Detoxification of arsenate by plants may occur through reduction to arsenite and its sequestration in vacuoles by thiol-containing compounds, such as glutathione (GSH) and phytochelatins (PCs), considered to be the main ligands of many metals and metalloids [19].

PCs are a family of sulfur-rich peptides characterized by a general structure as (γ-GluCys)_n-Gly (n = 2–11) and they are synthesized from glutathione (GSH), a tripeptide containing cysteine (Cys) [20]. These compounds play a key role in constitutive and adaptive tolerance to As in several nonhyperaccumulating plant species [15,21], while in hyperaccumulating plants, even if induced and accumulated in P.vittata leaflets [22], PC induction did not appear as the main process responsible for As hypertolerance [23]. In this regard, Cao et al. [24] proposed that in P. vittata, an important role in detoxification was exerted by non-enzymatic antioxidants, such as GSH and other –SH compounds, especially at high As concentrations (50–200 mg kg⁻¹).

At the physiological level, the tolerance response of plants to excess metals and metalloids relies on the plasticity of the photosynthetic process, involving structural and functional changes in the photosynthetic machinery [19,25,26,27]. As photosynthesis is one of the physiological processes most susceptible to environmental stress, photosynthetic efficiency can be considered a bioindicator of environmental pressure in plants under stress conditions [28]. In this context, analysis of chlorophyll fluorescence represents a useful tool for evaluating plant tolerance to pollutants, since it provides an estimation of the photosynthetic activity in a non-destructive way [29]. Moreover, the use of chlorophyll fluorescence imaging allows the evaluation of the heterogeneity in photosynthetic functions throughout a leaf by image analysis of the quantum efficiency of photosystem II (PSII) in plants subjected to several stresses, including heavy metals [30,31,32,33], salinity stress [34], pharmaceuticals [35,36], and emerging contaminants [37].

Hydroponics is a very suitable growth system to study plant metal tolerance and accumulation, and more in general for the evaluation of its phytoremediation ability, especially in plants belonging to the aquatic or riparian compartment [35,38]. Several studies aimed at highlighting the ability of Pteris plants to tolerate and accumulate As under hydroponics or semi-hydroponics are reported in the literature [39,40,41] but to the best of our knowledge no studies dealing with morphological, physiological, and biochemical processes in the same experimental trial are present in the literature.

This study was aimed to investigate the tolerance and accumulation capability of P. vittata exposed to high concentrations of As in a long-term hydroponic experiment, evaluating responses at a physiological and biochemical level.

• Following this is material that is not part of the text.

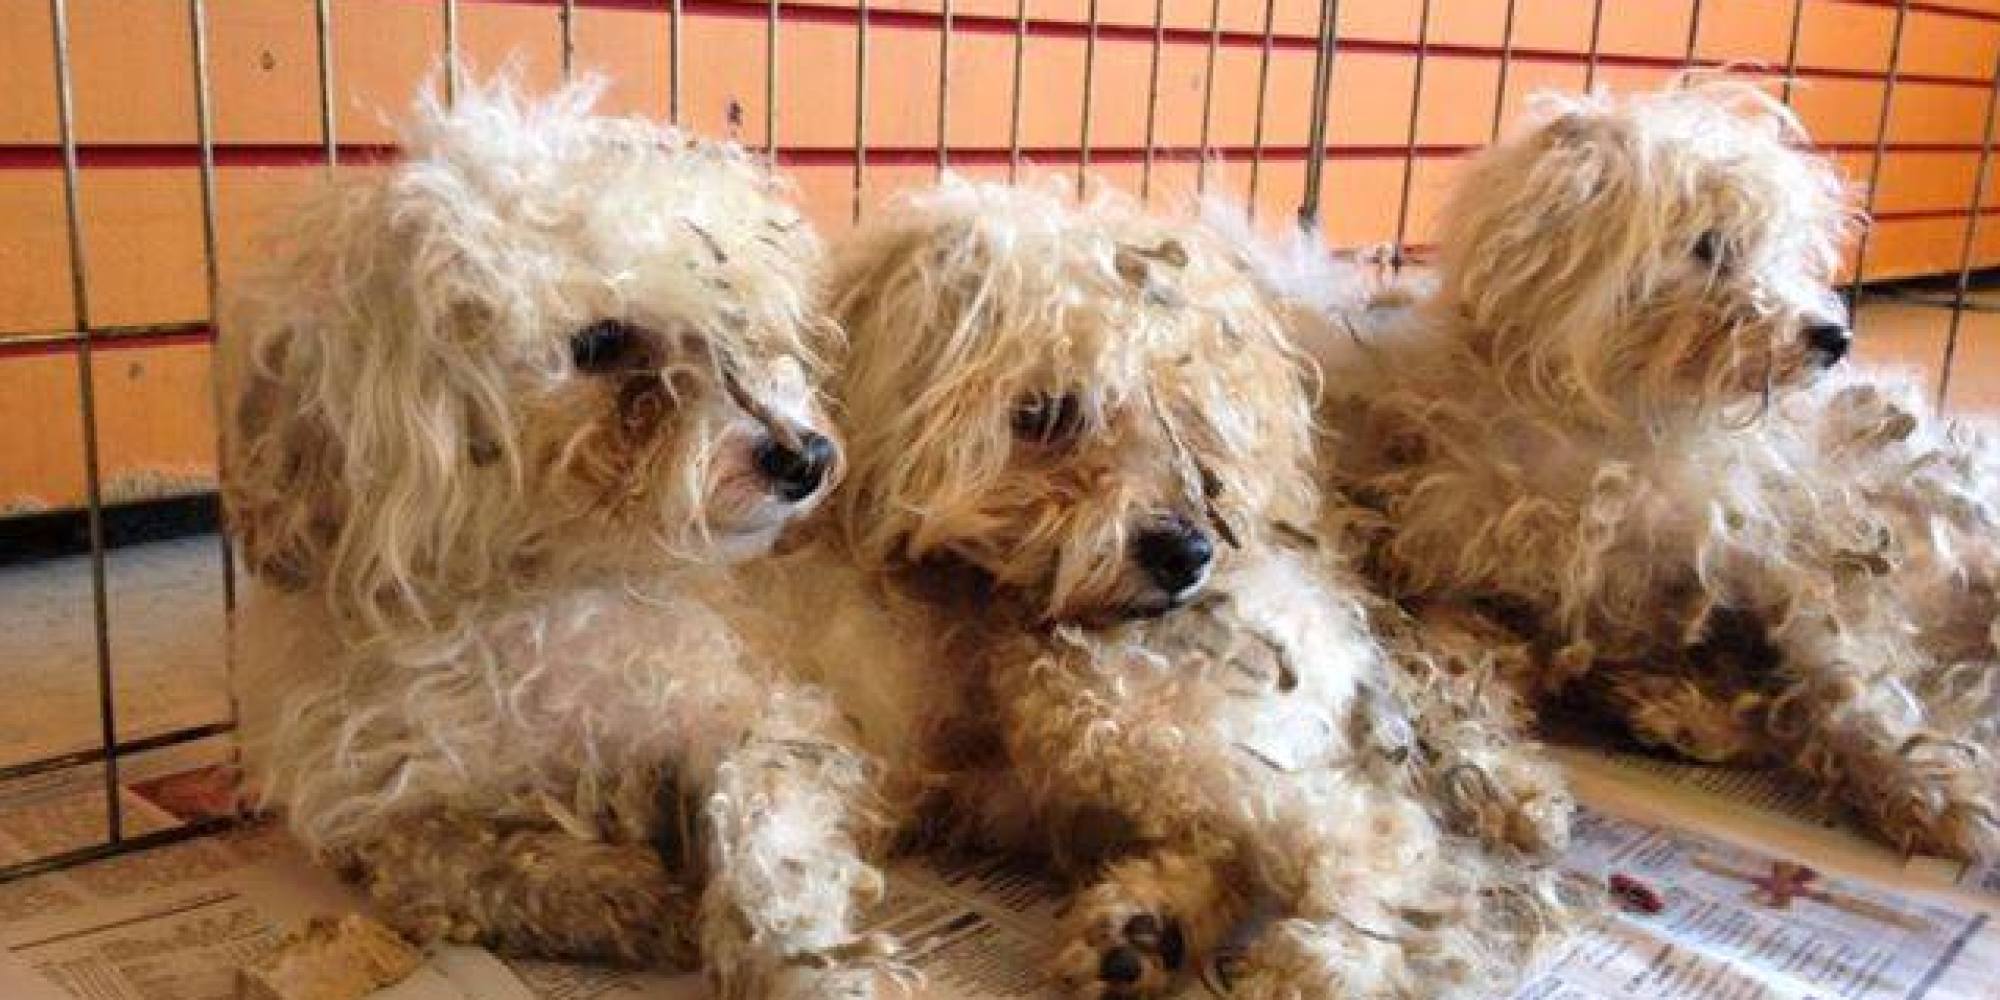 How Anyone Could Mistreat And Dump These Poodles Is Beyond Us | HuffPost

The final goal of this work was to shed light on the adaptive mechanisms occurring in this As-hyperaccumulating plant species, which could be exploited for its profitable utilization of in the mitigation of As pollution in different environmental matrices.

2. Materials and Methods

2.1. Experimental Set-Up

Three-month-old Pteris vittata L. plants were obtained from a nursery established several years ago in an open field genotype collection at our institute (formerly IBAF-CNR) with proper shaded light and soil humidity conditions. Young plants were transferred to pots filled with peat and sand for 2 weeks in greenhouse. At the 3–4 frond stage, plants were transferred from pots to a semi-hydroponic growth system in the greenhouse, washing the roots carefully with water to remove soil residues. A semi-hydroponic growth system was chosen to assure both the metalloid availability in the water medium and the anchoring role of the sand substrate. Silica sand for agricultural and horticultural purposes, with controlled granulometry (0.1–1 mm), was used after washing and sterilization steps. Silica sand was chosen because in previous experiments this substrate showed the best performance for growing ferns, while pure hydroponic plant growth was unsatisfactory (data not shown). The growth system module consisted of two polyethylene tanks (0.81 m²). Tank 1 contained sand to anchor plants, and tank 2 was used as a water drainage collector. A pumping system (tank 3) forced the drained water to move continuously (water flow 20 L h⁻¹) from tank 2 to 1 to assure oxygenation of the solution and to avoid the formation of pollutant and nutrient gradients (Figure 1). A nutritive solution was prepared with 0.7 gL⁻¹ of soluble fertilizer with NPK 20-20-20 (Nutri-Leaf, Miller, Hanover, PA, USA) especially formulated for hydroponics, was added every ten days to tank 2. The circulating solution volume was 130 L, and pH was maintained in the range 6.5–7.0. Two similar modules were created to establish a control (module 1) and treatment (module 2). Fifteen plants, homogeneous in size and root development, were assigned to each module.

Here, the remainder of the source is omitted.